Comment 1 Arjan van de Ven 2002-01-10 17:06:42 UTC

Are you using the latest released kernel (2.4.9-13) ?

Comment 2 Douglas H. Steves 2002-01-11 17:19:53 UTC

Yes, I'm using the latest kernel (I've installed all bug fixes).
This bug also was present in vanilla 7.2.

Comment 3 Arjan van de Ven 2002-01-11 17:21:54 UTC

ok the most relevant information is the things that look like function names in
the backtrace. The rest (the numbers) are of secundary important (and if the
names are decent not even needed)... the names are simpler to write down too.
It would help if you could at least give the first few names..

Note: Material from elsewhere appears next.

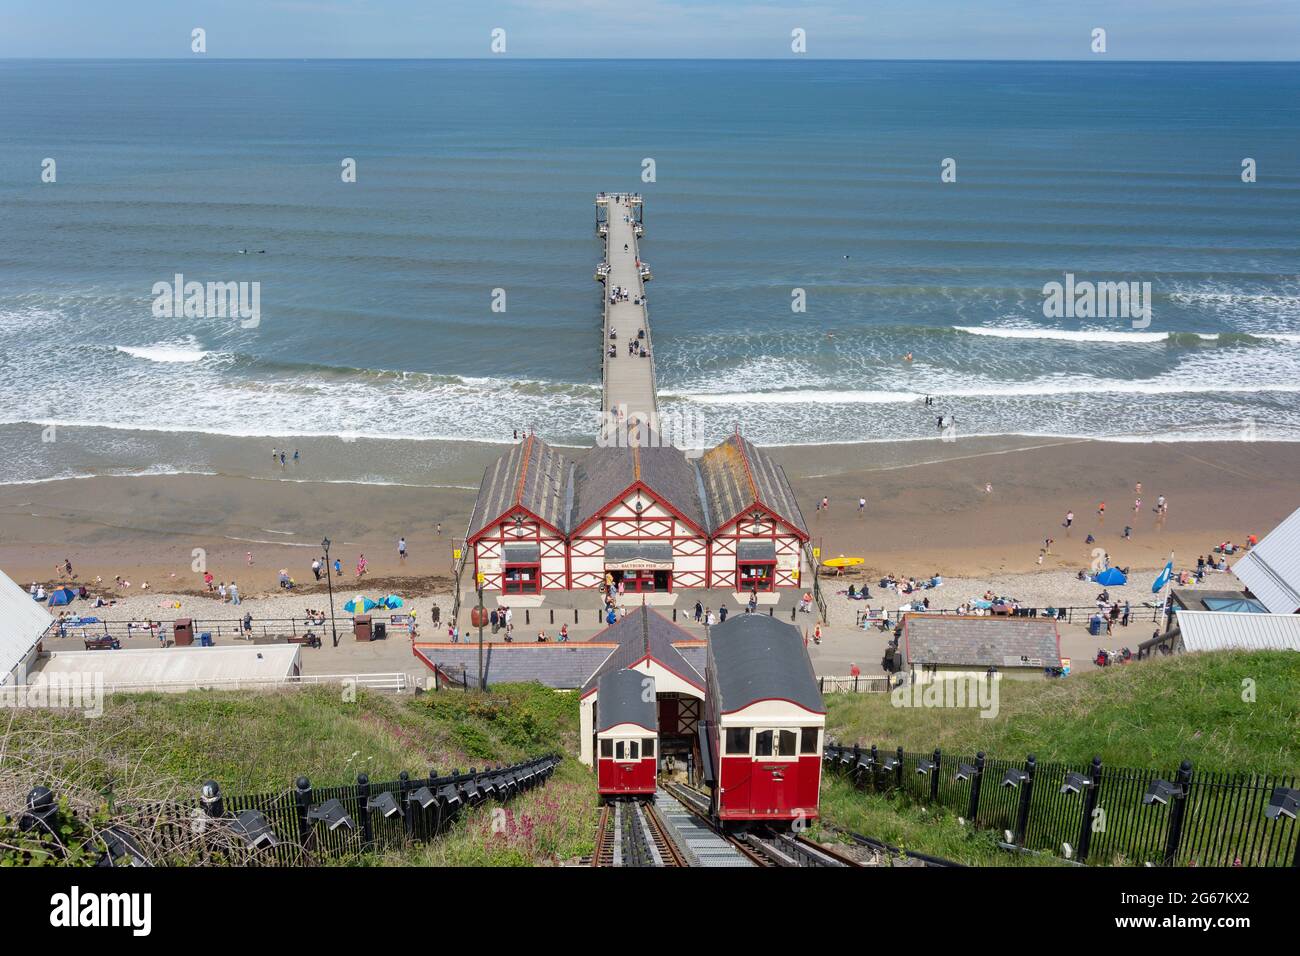 Saltburn Cliff Lift and Pier from Upper Station, Saltburn-by-the-Sea, North Yorkshire, England, United Kingdom Stock Photo
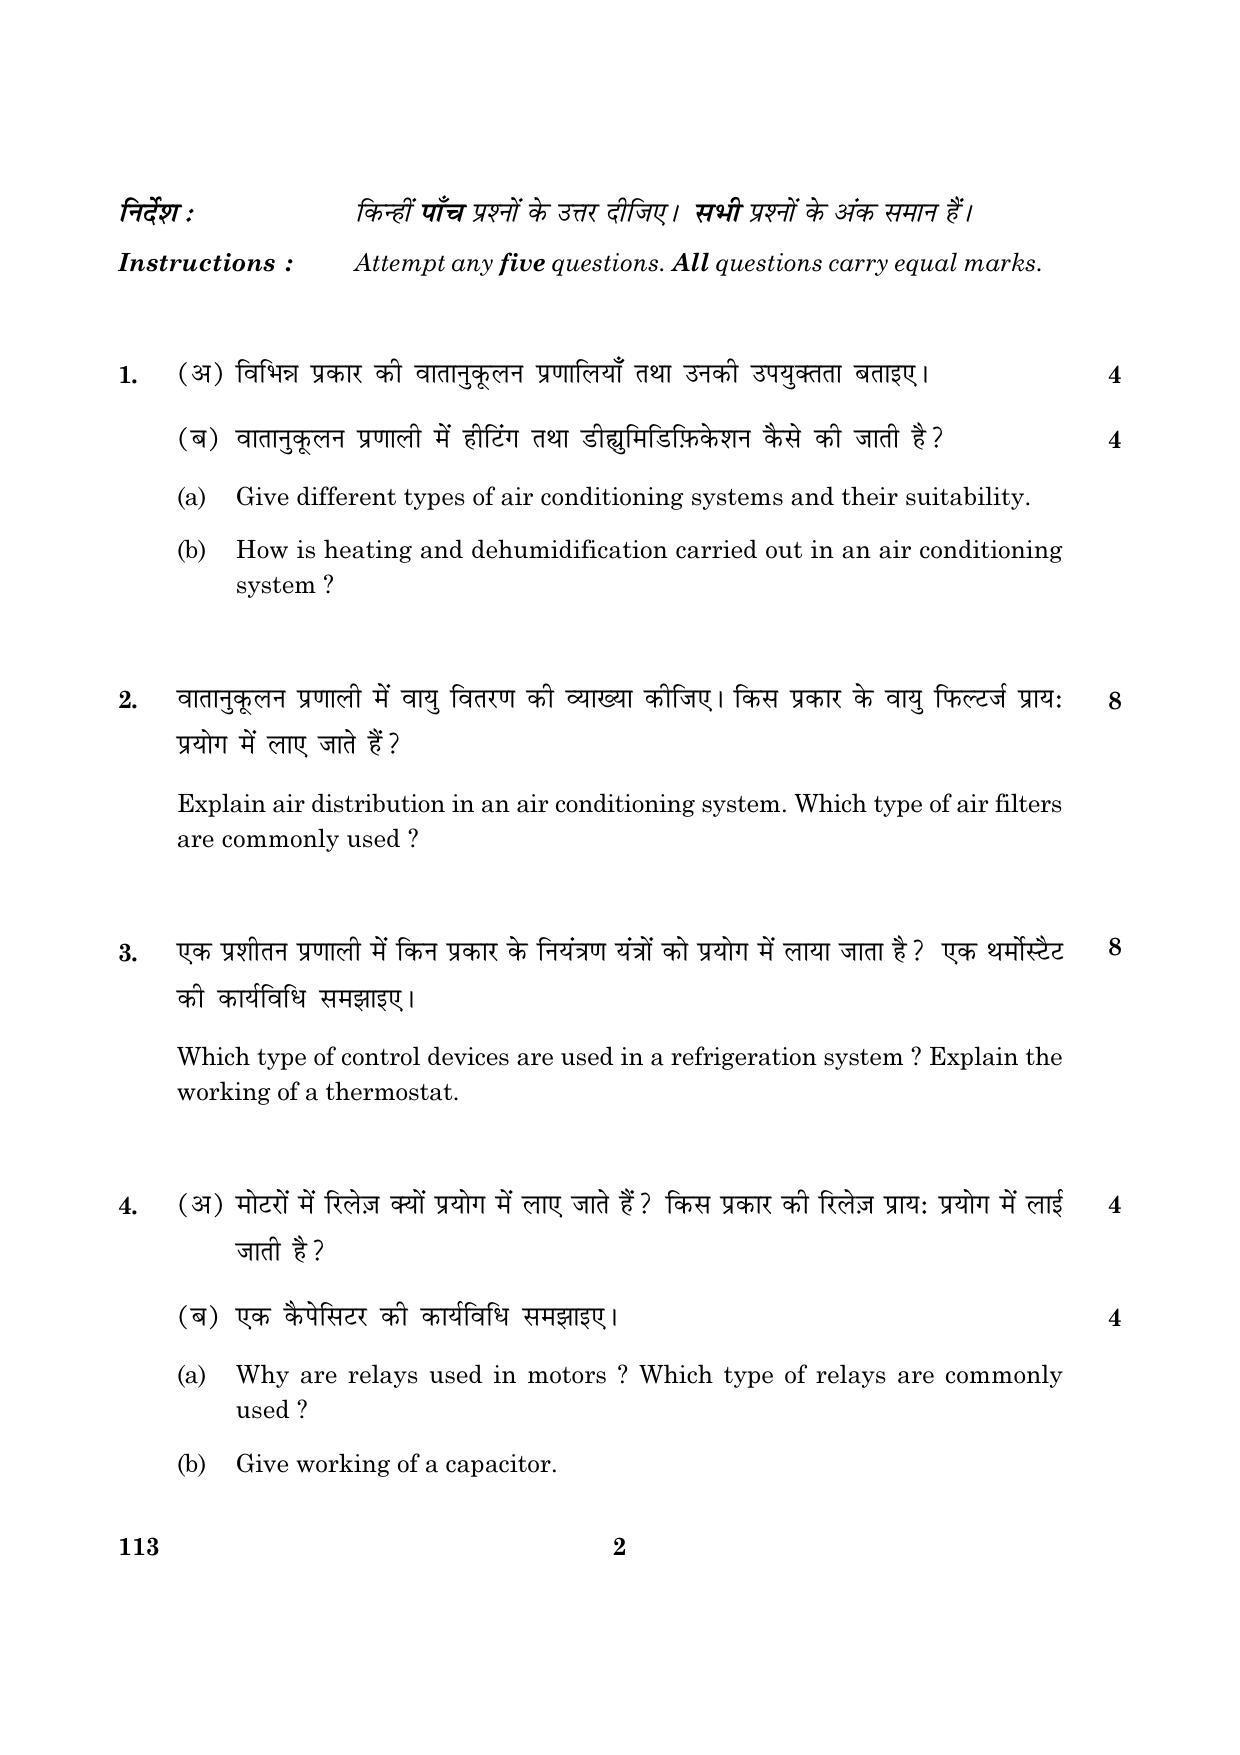 CBSE Class 12 113 Air-Conditioning & Refrigeration-IV 2016 Question Paper - Page 2

Comment 4 Pete Zaitcev 2002-01-17 21:40:31 UTC

I would like to see the output of the dmesg.
Arjan seems to assume that the system is not responsible
after the oosp, but it is not necesserily true.
If the box stays up, running "dmesg >/tmp/xxx"
may yield valuable information.

Comment 5 Douglas H. Steves 2002-01-22 18:59:24 UTC

I think that you misunderstand whats happening in the bug. What happens is that 
when running a memory intensive app (an integer library test case which 
computes a large (thousands of bytes) exponential), the system will become 
unstable due to virtual memory bugs. Apps will fail, and eventually the kernel
will panic, usually in an interrupt handler.
When an app fails, I get the error message I posted - unable to handle kernel 
NULL pointer dereference at vaddr xxxxxxxx (varies), with OOPS = 0002. The call 
stack varies with the app that failed. For sendmail, I got: system_call() -> 
error_code() -> do_page_fault() -> sys_socket_call() -> sys_socket() -> 
sys_connect() -> unix_stream_connect() -> sock_wmalloc() -> alloc_skb() -> 
file_map_nopage(). For diskcheck I got: system_call() -> sys_execve() -> getname
() -> do_execve() -> search_binary_handler() -> load_elf_binary() -> 
do_generic_file_read() -> update_atime() -> __mark_inode_dirty() -> 
__insmod_ext3_S.text_L43392() -> journal_stop_R6B8E4838() -> 
__insmod_ext3_S.text_L43392() -> handle_mm_fault() -> load_elf_binary(). The 
process that crashes is usually a daemon (cupsd, sendmail, etc) and not one of 
my programs.
After the memory bugs start appearing, dmesg will then crash, which makes it 
impossible to examine the kernel msg buffer. Most other commands (sync) crash 
as well. Eventually, the kernel will panic in an interrupt handler with an 
error message like "kernel panic aiee, killing interrupt handler" (this can't 
be a good thing!)

Comment 6 Pete Zaitcev 2002-01-22 19:20:39 UTC

Only the first oops is important. Please get the dmesg
with "dmesg >/tmp/xxx" immediately after the first oops.
Kill your "memory intensive" programs.
Don't wait until the second oops or oops in the interrupt handler.
Then run ksymoops with "ksymoops </tmp/xxx >/tmp/yyy".
Attach both /tmp/xxx and /tmp/yyy to this bug,
but do not drop them into the comment box!

Other oopses after the fist one are useless for analysis,
in fact you need to prevent them from happening before your
dmesg buffer overflows.

The call traces that you listed in the previous comments
are not entirely useless, but an actual dmesg of the FIRST
oops would be better.

Comment 7 Douglas H. Steves 2002-01-24 04:37:52 UTC

You still misunderstand. By the time the first error occurs, the system is so 
unstable that killing the test case via Ctrl-C causes a system crash. I can run 
a background process to check the kernel buffers periodically but that also 
usually causes a system crash. If I try to use X, the system freezes completely 
after 15-20 minutes, and is totally unresponsive to anything but the power 
switch. These problems didn't occur with Mandrake 8.0 or 8.1. (8.1 had other
issues.) And I think that you're still assuming that the bug is synchronous 
with the process which crashes, which obviously isn't the case since different 
processes crash (usually system daemons). The process/system crashes are just 
symptoms - the problem is probably with malloc/kernel heap management.
In any event, I don't have any more time to waste on this.